I often doubt my feelings about this. I tell myself nostalgia must be distorting my memories. That no one’s ever really happy, right? But then I look at the photos of me back then. And me afterwards. And you can see the difference in my face. You can see the fear creeping into my smile. The doubt. The desperation. All is no longer well.
When I say happy, I don’t mean permanently blissful. I still got upset, and hurt, and bored. I still wanted things that I couldn’t have. I still cried when I cut myself, and got scared by the monsters under the bed.
What I mean is that I still had the capacity to be happy. To be ‘myself’, from moment to moment. To experience the world, without a constant filter of anxiety. To be, without fear. To feel, without holding back. To act, without calculation. To truly enjoy life.
It’s not until you lose it that you recognize it. It’s the water in which you swim. The way things are. But for me , it started to fade away around the time I turned nine.
Those first 9 years of my life were all that I could have asked for. It was almost ridiculously ideal. The kind of life anyone would want for their kids. It wasn’t perfect, but it was real. I had a stable, loving family. We weren’t rich, but we always had enough. We couldn’t afford fancy holidays abroad, so we went camping. We couldn’t always afford the latest stuff and gadgets, so we made things ourselves.We lived in a beautiful part of the country. I went to a good school, with plenty of friends to play with. I grew up in this sheltered little bubble of happiness. It was all too easy. Nothing ever went really wrong. I never had to worry about anything I did, or struggle, because nothing really mattered. I could be completely ordinary and mediocre, and my family loved me. Everything was safe, and dependable.
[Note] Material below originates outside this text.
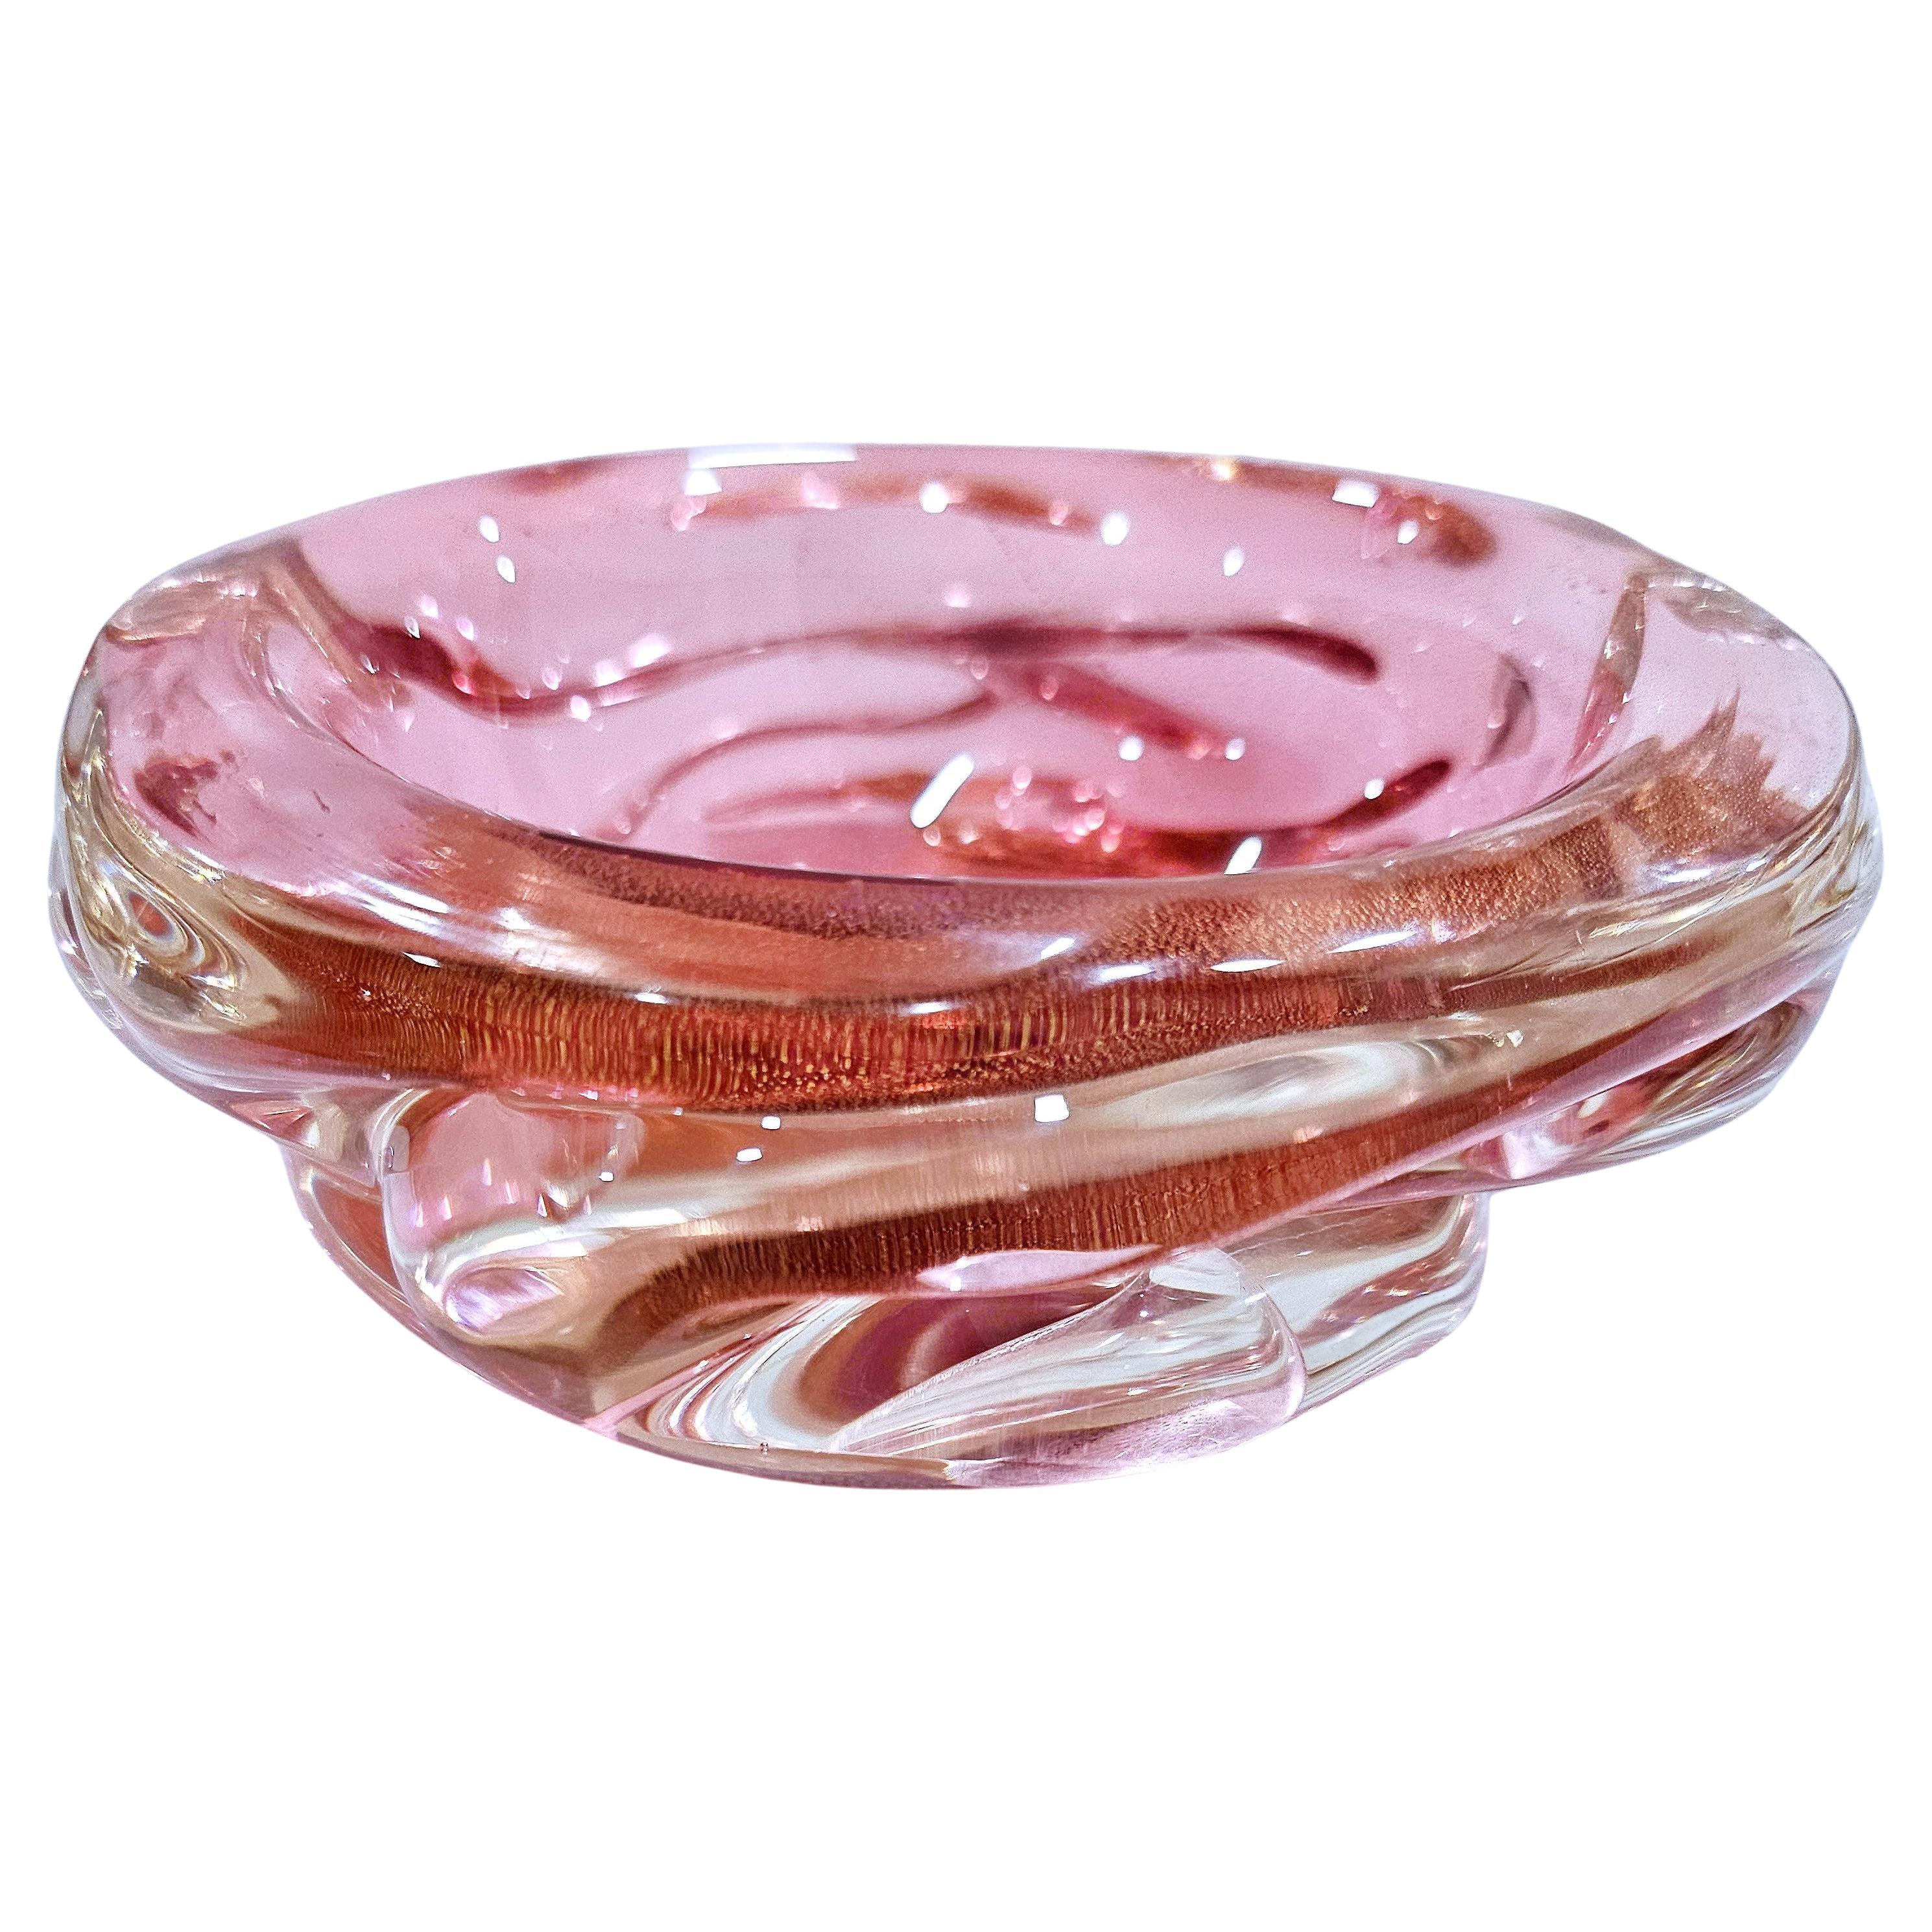 Archimede Seguso Murano Glass Bowl, A Bugne, Transparent Red with Gold Polveri

Then, we moved. And suddenly, it mattered what people thought of me. It mattered that my jokes weren’t that funny. That I’d never been in a fight. That I wasn’t streetwise, or tough. That I was naive and sheltered. That I was kind of quirky and irritating. People didn’t like me. And now it mattered, because I wasn’t in my safe haven, with the social support I’d always taken for granted. Now the world around me became potentially hostile, and threatening.
And I didn’t know how to handle it. I didn’t understand why people didn’t seem to like me, and I didn’t have the experience of the world that they all did. It was a different reality. I became incredibly self-conscious. The only solution I could think of was to try to avoid saying or doing anything stupid. Avoid anything that might provoke negative attention. Pretend to be as cool and worldly as everyone else seemed. Pretend to be tough. And keep silent.
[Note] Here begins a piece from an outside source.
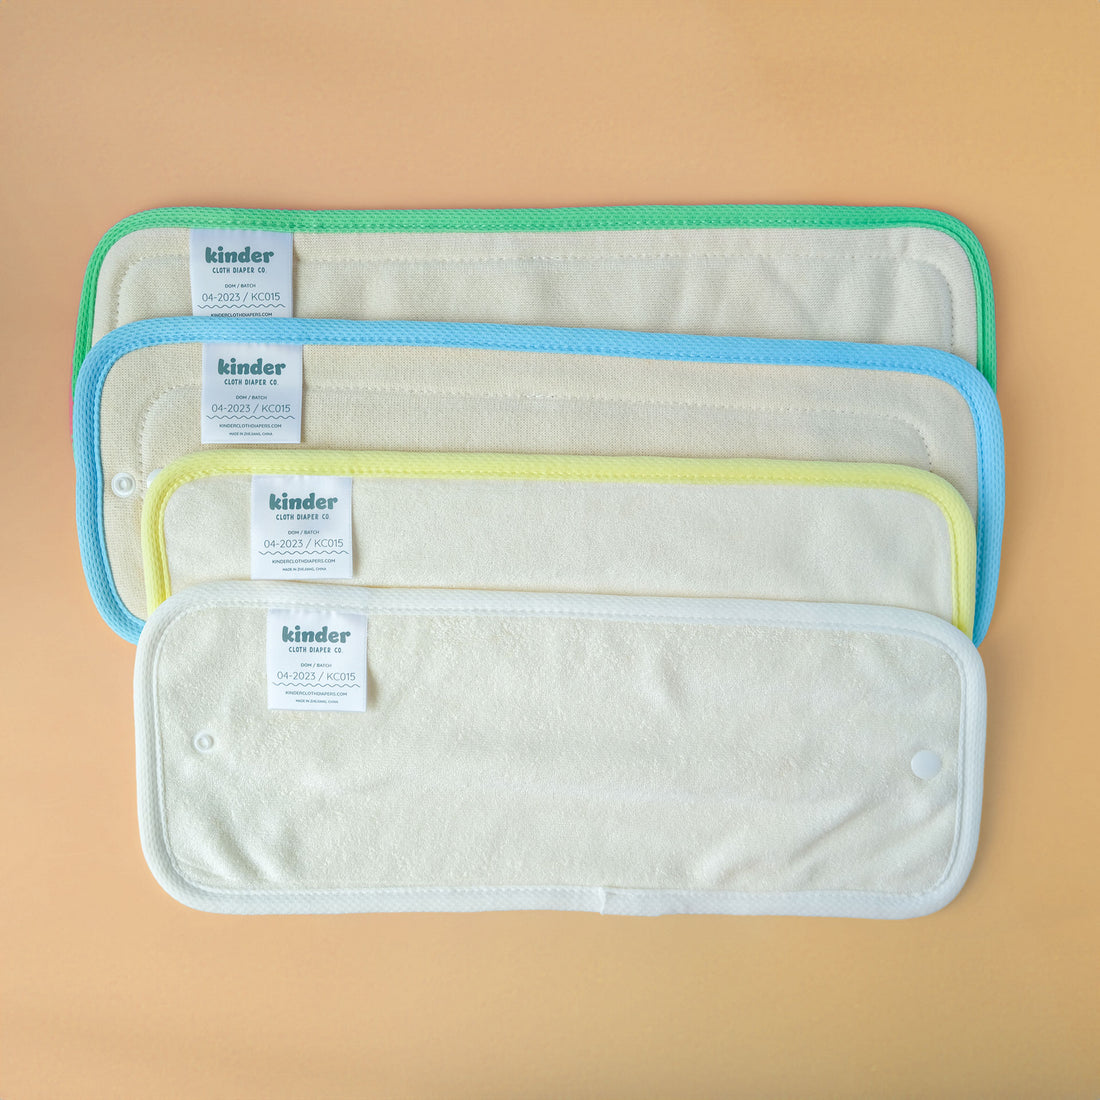 reusable cloth diaper insert system kinder cloth diaper company pittsburgh usa natural fiber absorbent best cloth diapers snap system easy to use hemp cotton bamboo

I’d always been relatively quiet, but I had been cheeky, a jokester, prone to occasional jubilant outbursts. But now I started to monitor everything I said, and inhibit anything that might catch people’s attention. That might provoke mockery, or isolation. I couldn’t risk it anymore. I couldn’t risk being a person. I had to be a character. I had to be cool. Every interaction had to be controlled.
Of course, the problem with that is that people can tell it’s bullshit. So rather than mocking you for saying dumb shit, they mock you for being too quiet, or being boring, or just being fake. They can tell when you’re not interacting with them in a genuine way, and they reject it.
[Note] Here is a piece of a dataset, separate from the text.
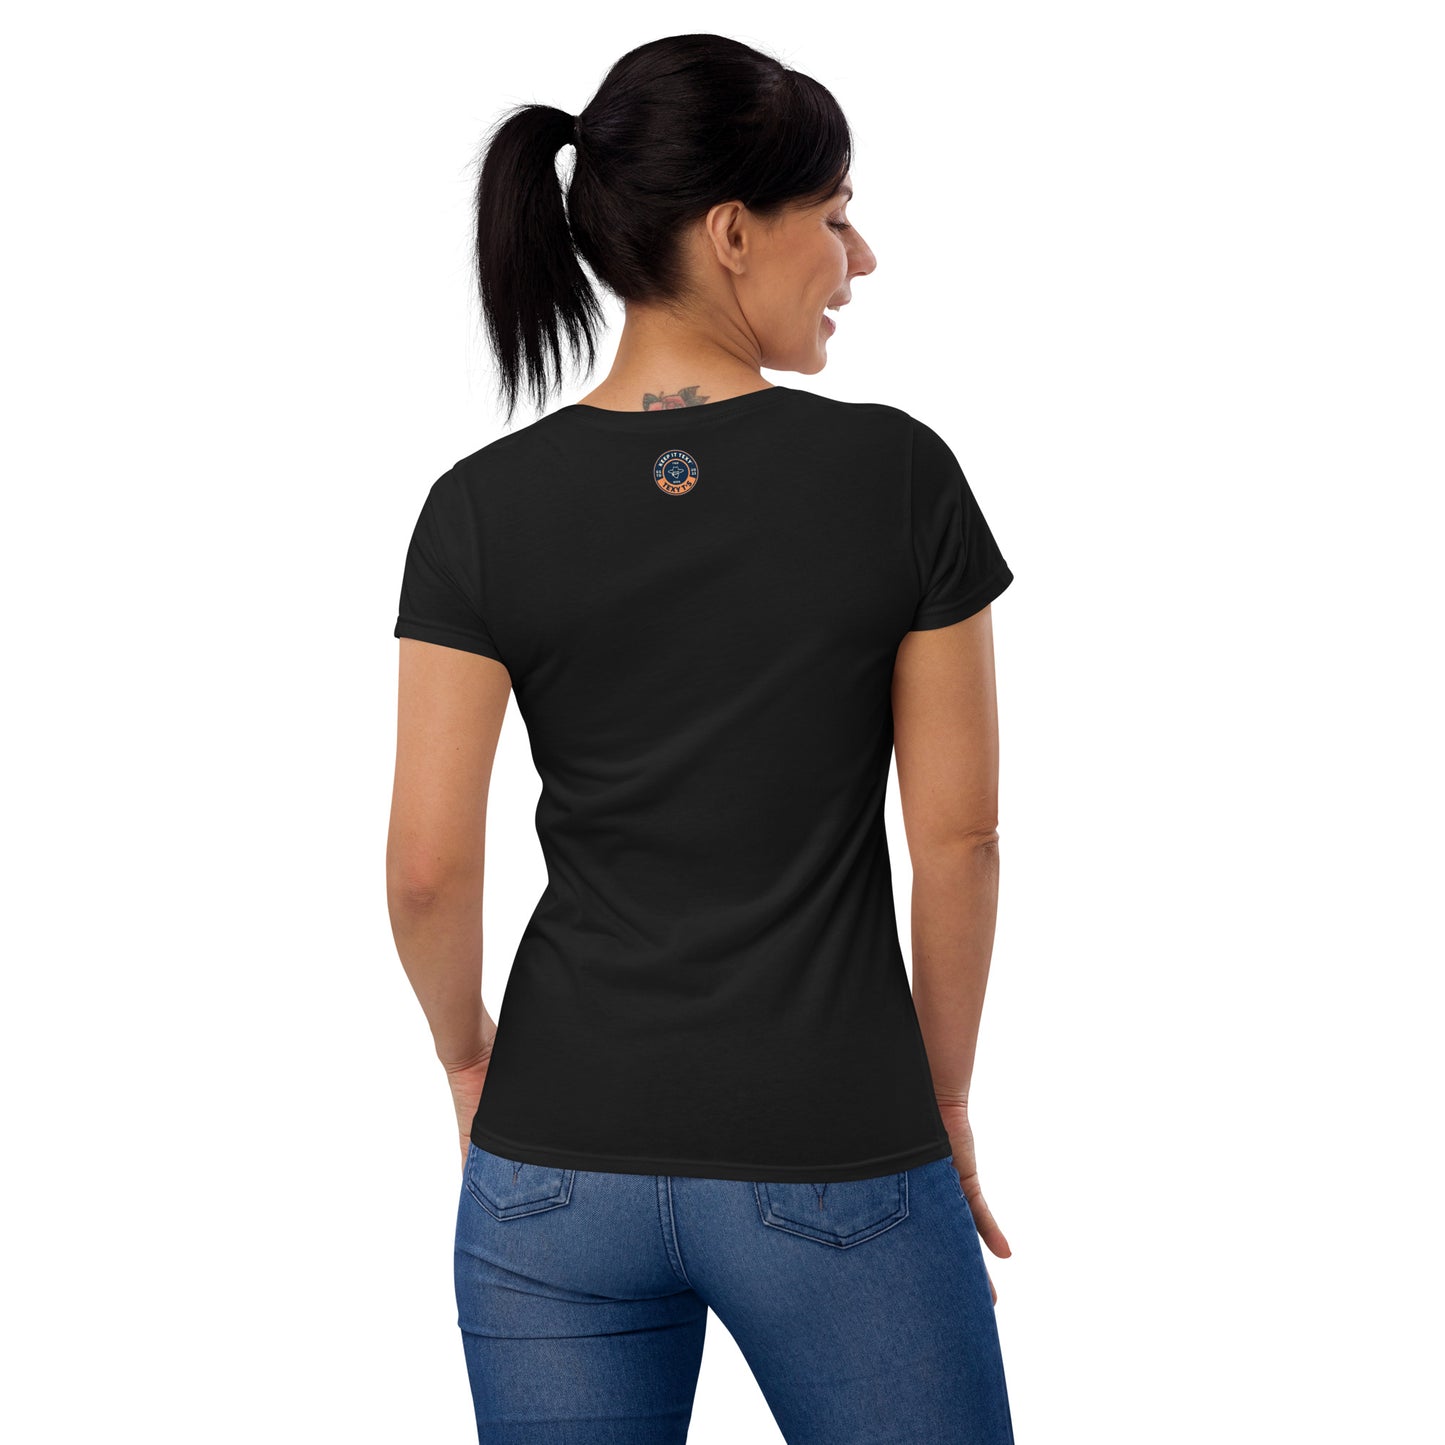 Women's Black Texy Lady Fitted T-Shirt

So I became more and more isolated, and ever more desperate to emulate those who seemed to be popular, and to protect myself from mockery.
And over the years, I lost myself. I lost the ability to react in the moment, to be ‘myself’. Everything became contrived. Everything was an act. There was no real me left. I couldn’t ever enjoy the moment, because I always had to be internally monitoring every situation, trying to avoid slipping up and looking stupid. And so I lost all real meaning in life, and became depressed. And in that depression I would do whatever it took to forget what I’d lost.
You can’t go back. I’m not that person anymore. I killed my personality. I’m what’s left behind after that. But I would give anything to have that time over again. To somehow change how things worked out. To change how I reacted to those challenges. To preserve that capacity to enjoy life.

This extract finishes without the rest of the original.